→ **Provided material**

——————————

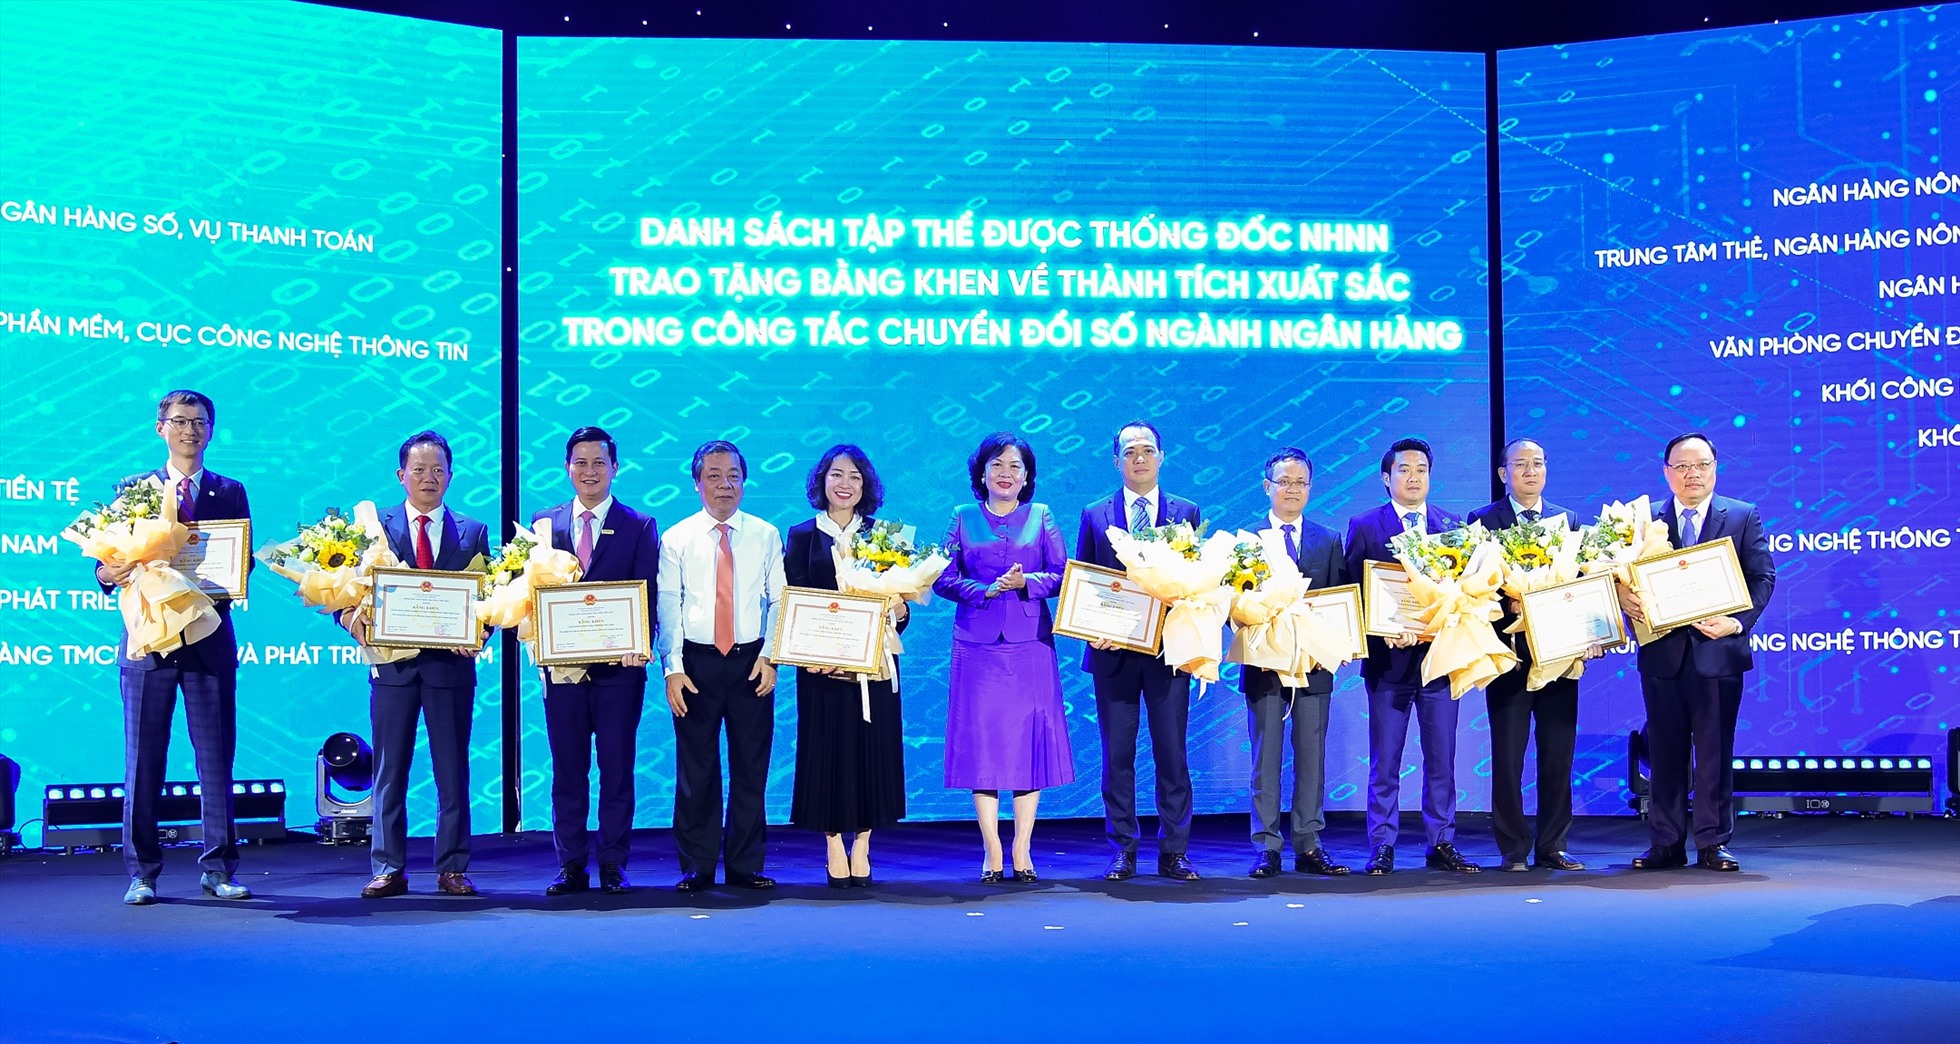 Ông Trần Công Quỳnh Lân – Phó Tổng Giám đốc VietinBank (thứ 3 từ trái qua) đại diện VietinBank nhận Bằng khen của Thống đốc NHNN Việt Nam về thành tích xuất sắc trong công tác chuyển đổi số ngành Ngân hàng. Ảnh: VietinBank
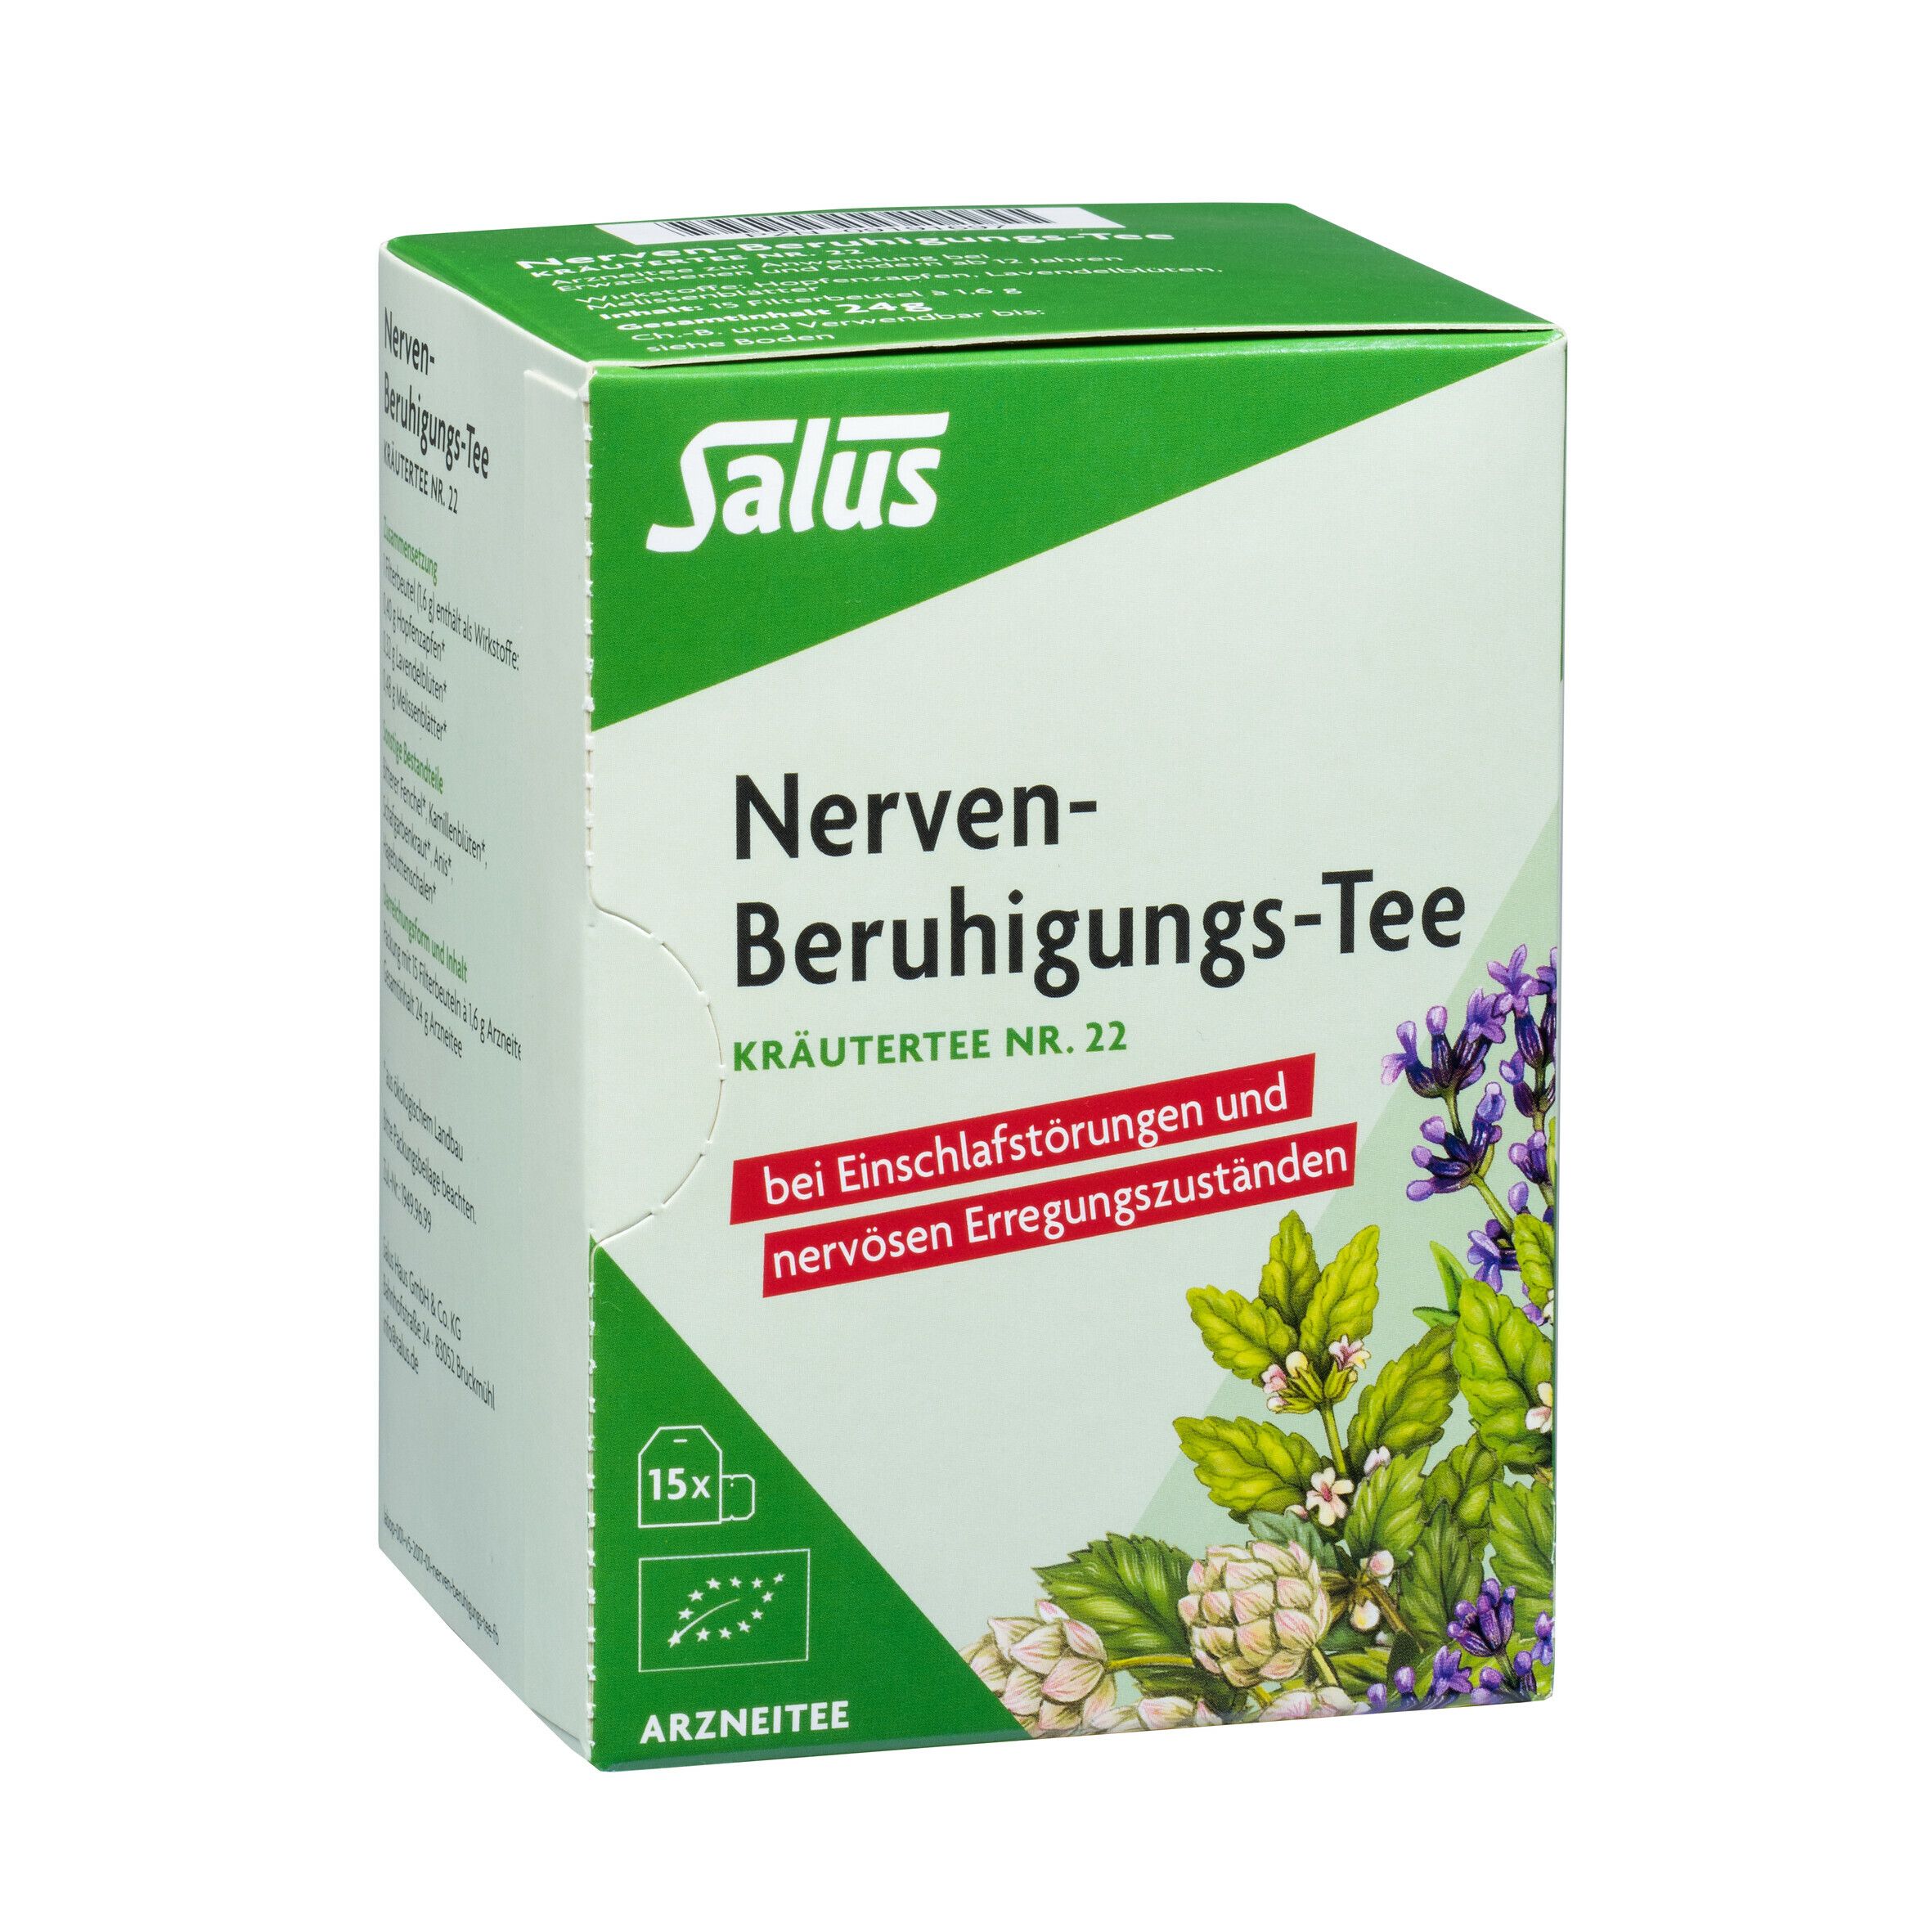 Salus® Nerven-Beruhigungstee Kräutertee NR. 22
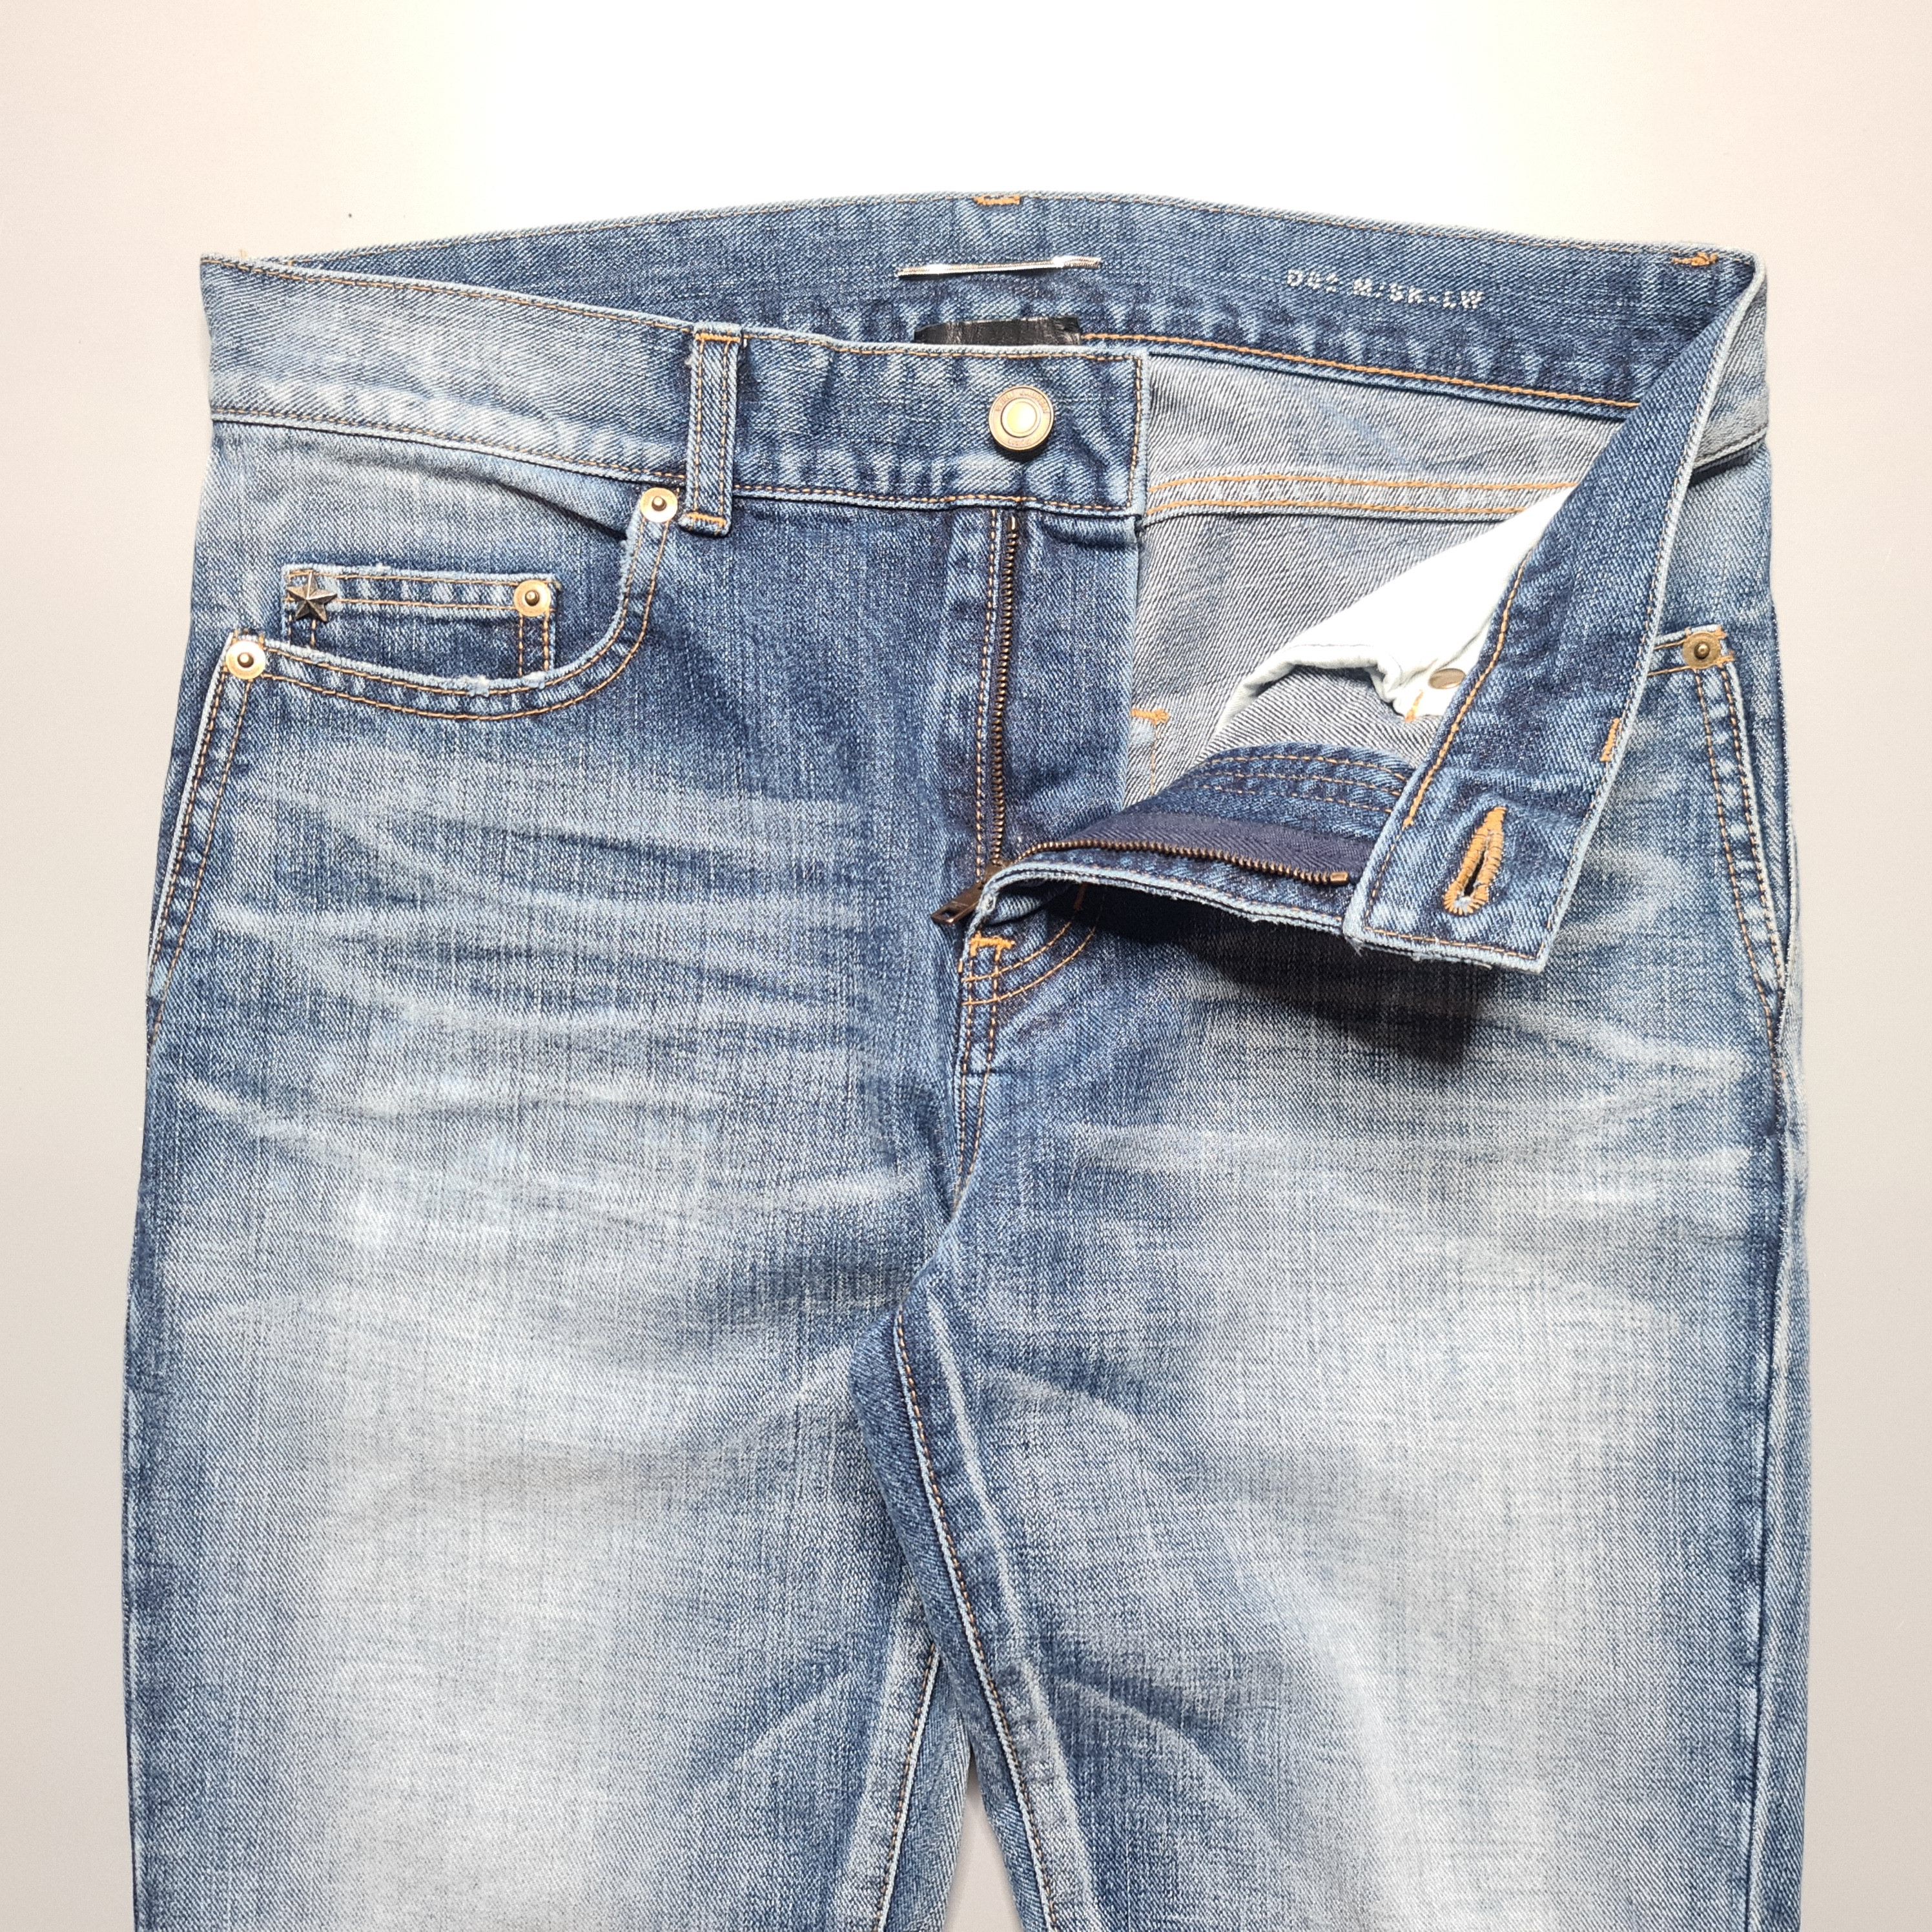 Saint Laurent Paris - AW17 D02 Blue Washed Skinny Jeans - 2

——————————

→ **Assigned task**
Please restate exactly the lines from the one containing "Salus® Nerven-Beruhigungstee Kräutertee" down to the end of the material, both ends kept, and do not include the pictures.

→ **Solution below**
 Salus® Nerven-Beruhigungstee Kräutertee NR. 22
 Saint Laurent Paris - AW17 D02 Blue Washed Skinny Jeans - 2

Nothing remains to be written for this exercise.